In de kaderbegroting hebben we voor het jaar 2016 een groter tekort geraamd, omdat we het tekort dat oorspronkelijk voor 2015 was begroot van € 165.000 naar verwachting niet wordt gebruikt. Ten tijde van het opmaken van de begroting prognosticeerden we een kleine plus van € 72.000. Hiermee lieten de kengetallen ruimte om meer middelen in te zetten.

Cijfermatige toelichting op de begroting
Degrootste impact ten opzichte van vorige jaren is  het vertrek van het (v)so en de fusies van afgelopen jaar. Dit wordt voor een klein gedeelte goedgemaakt met (tijdelijke) fusiemiddelen, die in 2016 rond de € 900.000 euro zijn.

We zien dat de personele lasten sterk dalen, ingegeven door het vertrek van de (v)so-scholen en door te realiseren bezuinigingen. De afschrijvingslasten zullen dalen, mede doordat we verwachten dat de investeringen in bijvoorbeeld nieuwe scholen en meubilair al grotendeels zijn gedaan. Ook de digitalisering van leermiddelen zorgt voor lagere afschrijvingen, hoewel daar hogere licentiekosten tegenover staan. De huisvestingslasten stijgen, vooral door hogere schoonmaakkosten en door de dotatie van de gelden voor doordecentralisatie. We hebben door de nieuwe aanbesteding van energie een financieel voordeel kunnen behalen. En door het sluiten van enkele kleine scholen waar vaak sprake is van leegstand zullen de huisvestingslasten beter beheersbaar worden. De structurele instellingslasten zullen voor 2016 nog niet sterk dalen, maar mede doordat we onszelf een bezuinigingsdoelstelling opleggen, moet dat bedrag omlaag kunnen. Ook de samenwerking met Kopwerk moet ons kosten kunnen besparen.

De rentevergoeding is historisch laag. Aangezien de omzet lager wordt en we een deel van de reserves over moeten dragen, worden de rentebaten structureel behoorlijk lager.
Deze begroting beschouwen we als een kader, waarbij we opmerken dat de begroting gebaseerd is op de kennis van nu. In de formatiegesprekken met schooldirecteuren en na bekendmaking van de definitieve cao en bekostiging kan een aanpassing van de begroting wenselijk zijn.

9.5.4 Rapportage risicobeheersingssysteem (B1)

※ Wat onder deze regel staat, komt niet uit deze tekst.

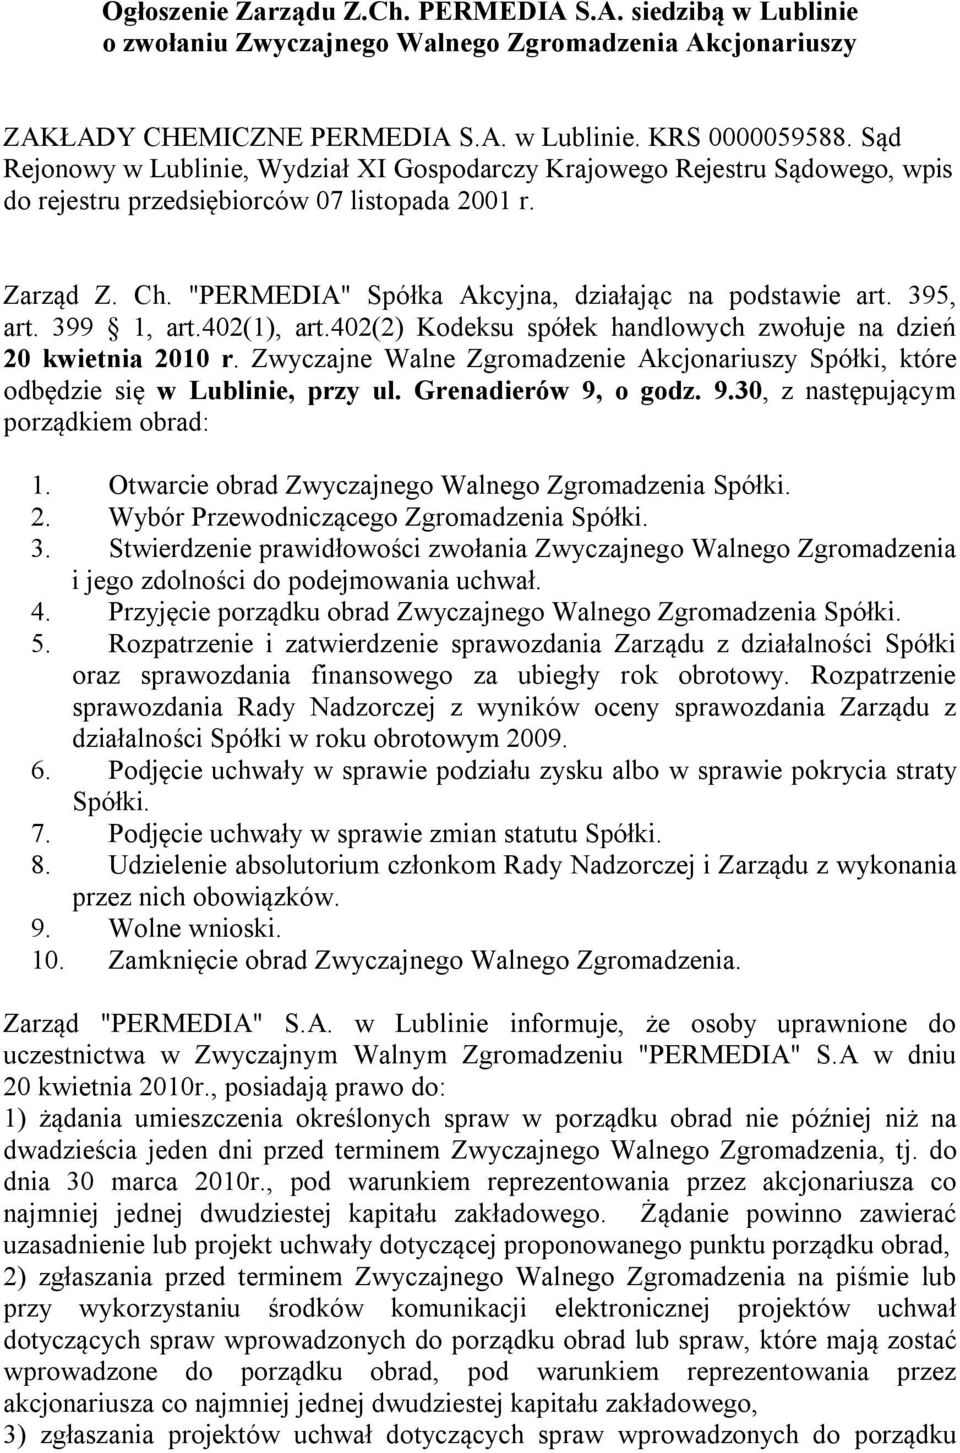 395, art. 399 1, art.402(1), art.402(2) Kodeksu spółek handlowych zwołuje na dzień 20 kwietnia 2010 r. Zwyczajne Walne Zgromadzenie Akcjonariuszy Spółki, które odbędzie się w Lublinie, przy ul.

In deze paragraaf wordt inzicht gegeven in de wijze waarop Surplus de risico’s van de organisatie beheerst. Risico’s worden gezien als die factoren die het behalen van de doelstellingen kunnen bedreigen.

Risicomanagement
De Commissie Don heeft naast signaleringsgrenzen voor de financiële kengetallen, ook een risico-inventarisatie gemaakt. Hierin zijn de volgende risico’s aangemerkt als risico’s/onzekerheden binnen het onderwijs die (voor een belangrijk deel) niet beheersbaar zijn en niet kunnen worden voorzien:

1. fluctuatie in leerlingaantallen,
2. financiële gevolgen van arbeidsconflicten,
3. instabiliteit in de bekostiging,
4. onvolledige indexatie van de bekostiging,
5. restrisico’s.

Voor deze risico’s heeft de Commissie Don de signaleringsgrenzen voor de bufferliquiditeit gesteld voor kleine besturen op 10% en voor grote besturen op 5%. De PO-Raad gaat voor besturen met (v)so scholen uit van een gemiddelde van 7,5% van de totale baten. Aan het begin van deze paragraaf hebben we deze percentages berekend en toegelicht.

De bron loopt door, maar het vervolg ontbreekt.